## Given data:
== Segment start ==
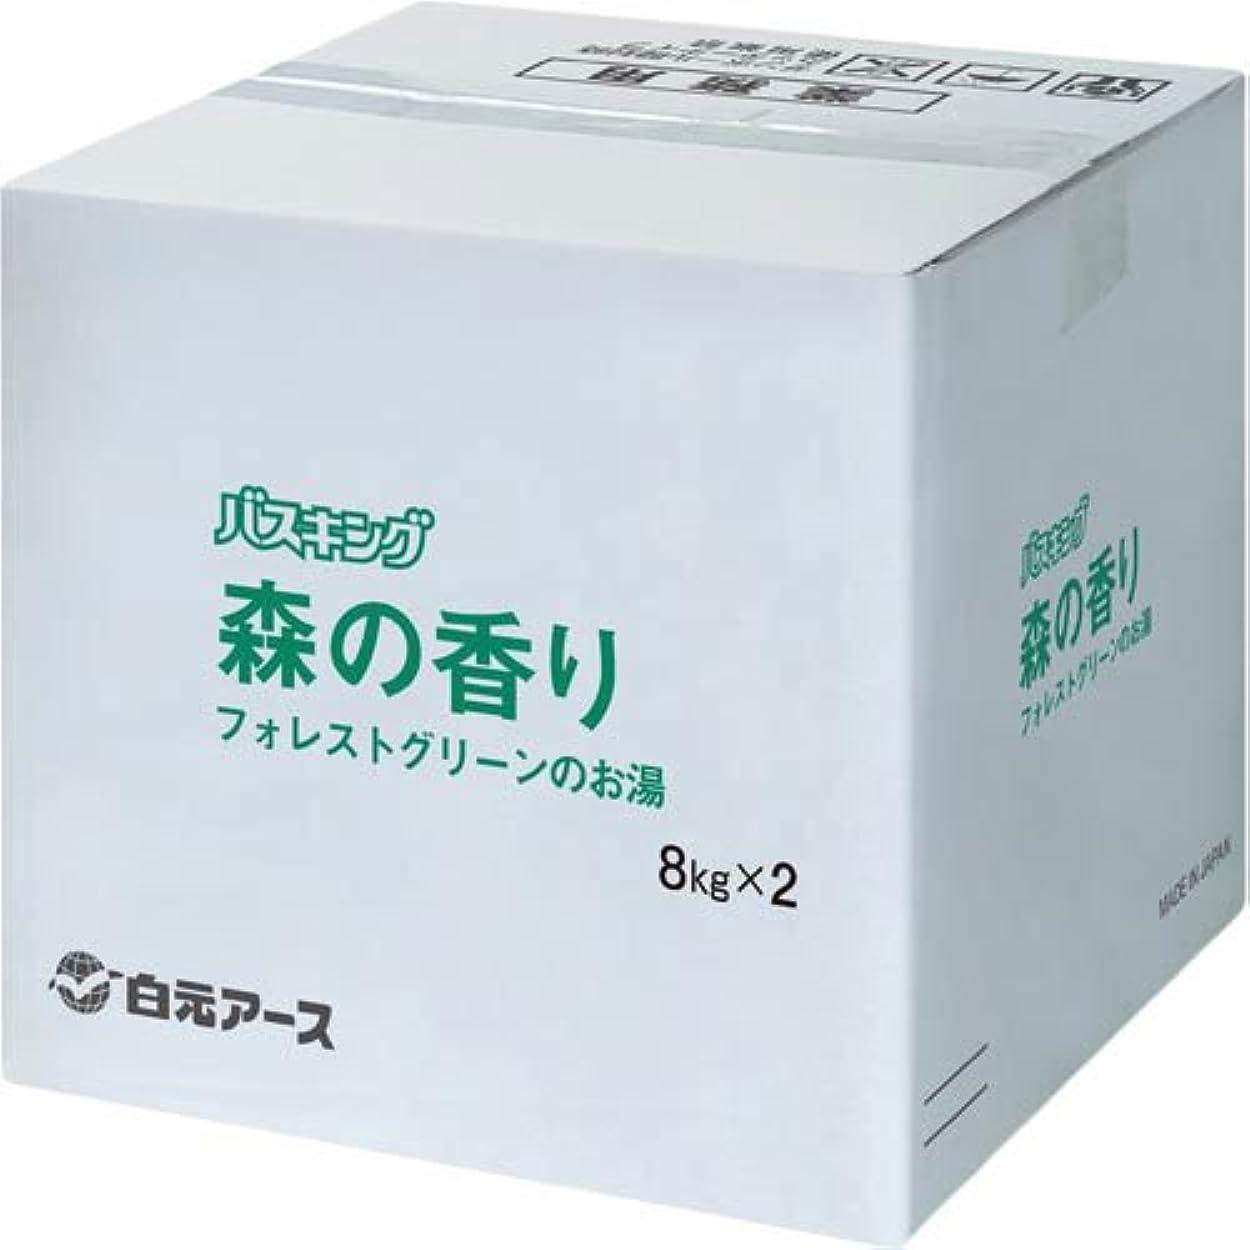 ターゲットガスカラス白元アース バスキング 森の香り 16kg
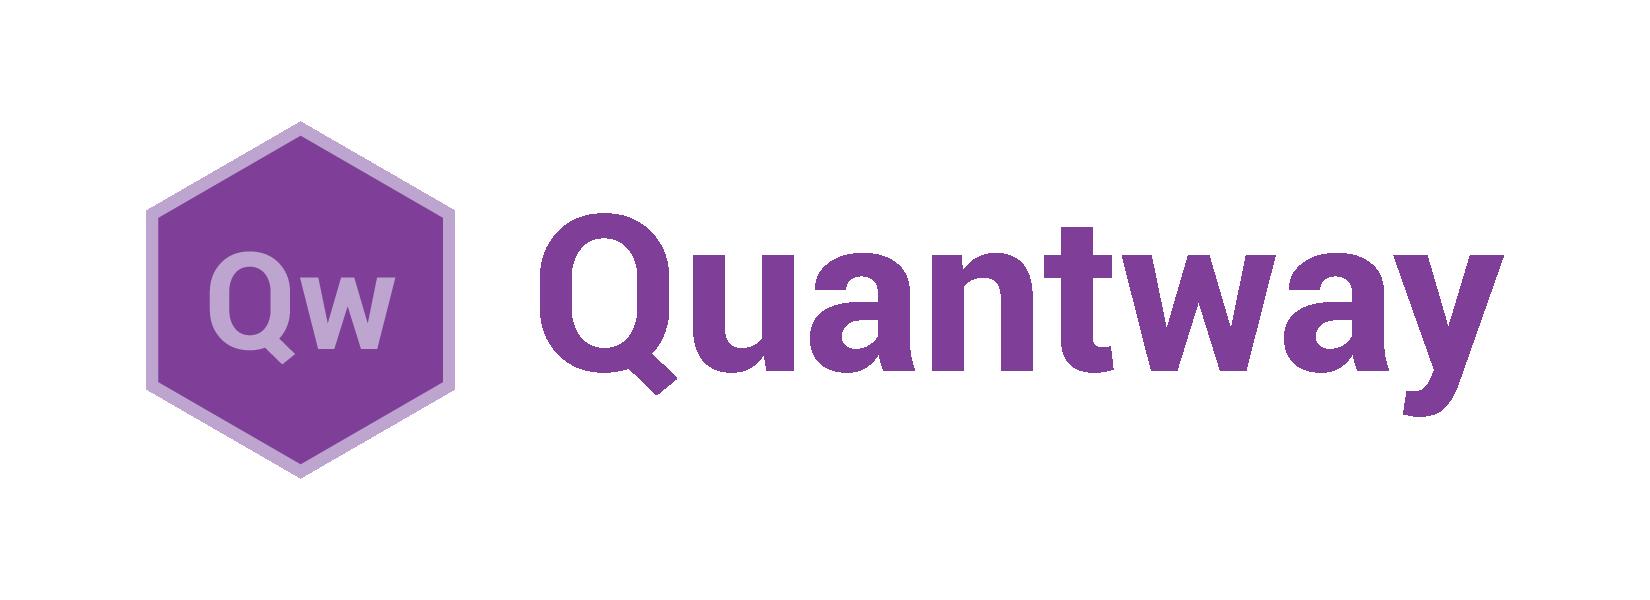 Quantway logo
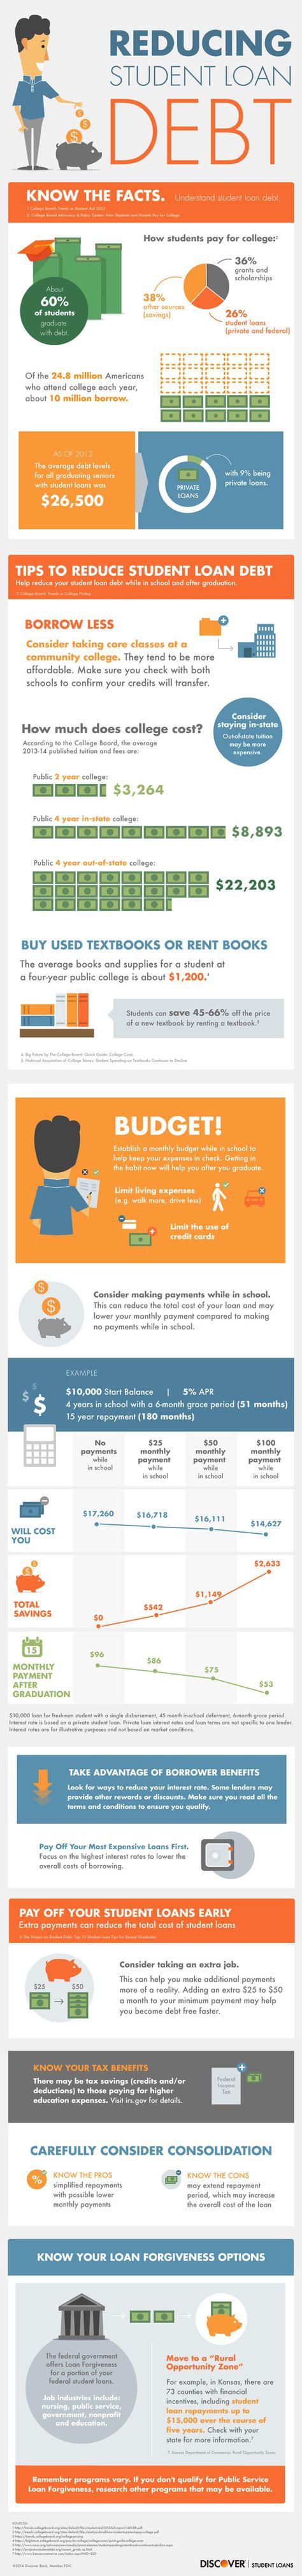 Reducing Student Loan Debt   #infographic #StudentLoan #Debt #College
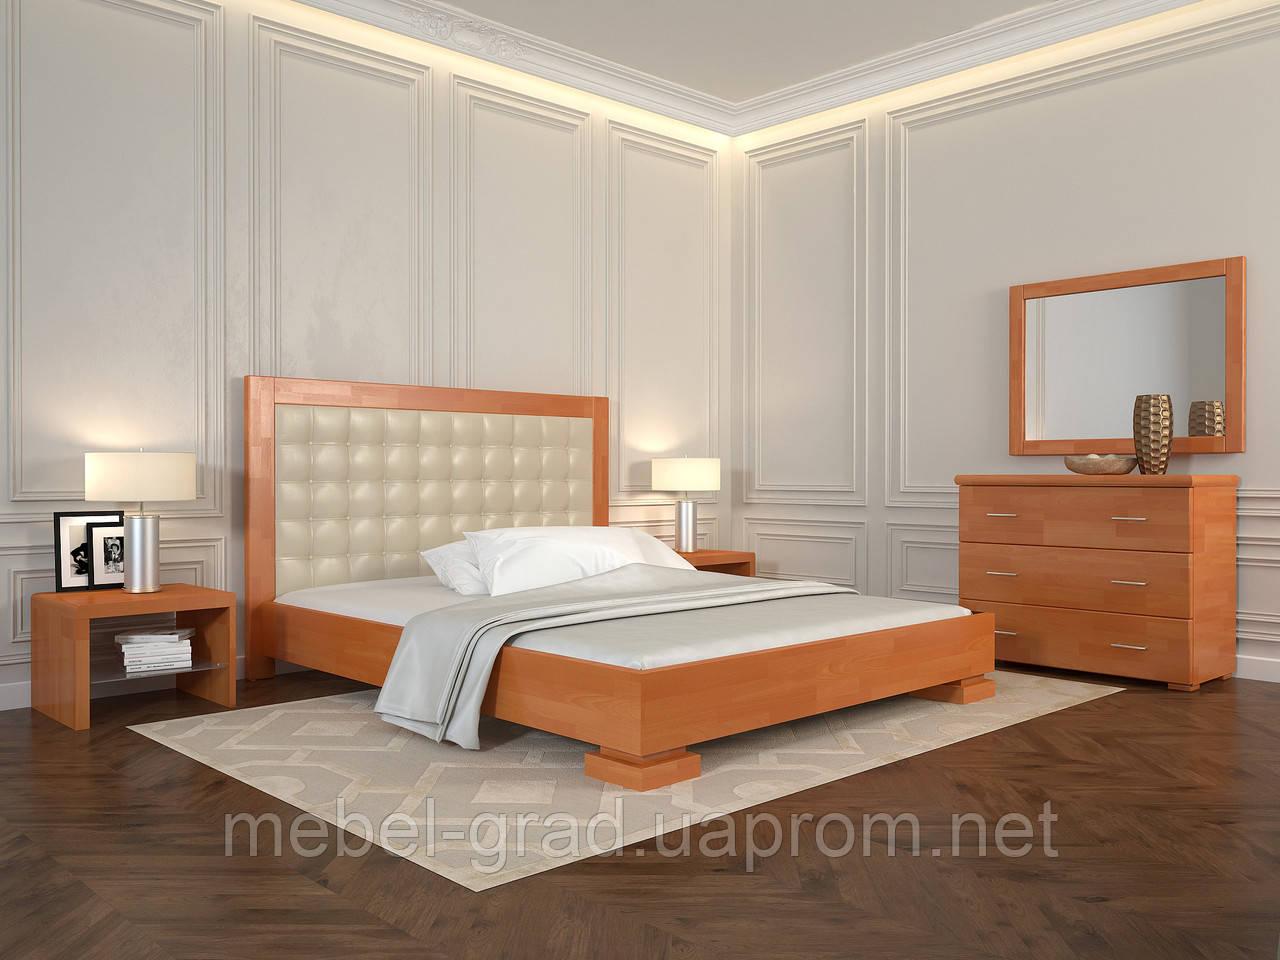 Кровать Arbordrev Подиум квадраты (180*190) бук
== Segment end ==
## Action item:
No pictures belong in the copy. Return exactly the lines from the line containing "Quantway logo" through the last line of the listing.

## Problem solution:
 Quantway logo
 Reducing Student Loan Debt   #infographic #StudentLoan #Debt #College
 Кровать Arbordrev Подиум квадраты (180*190) бук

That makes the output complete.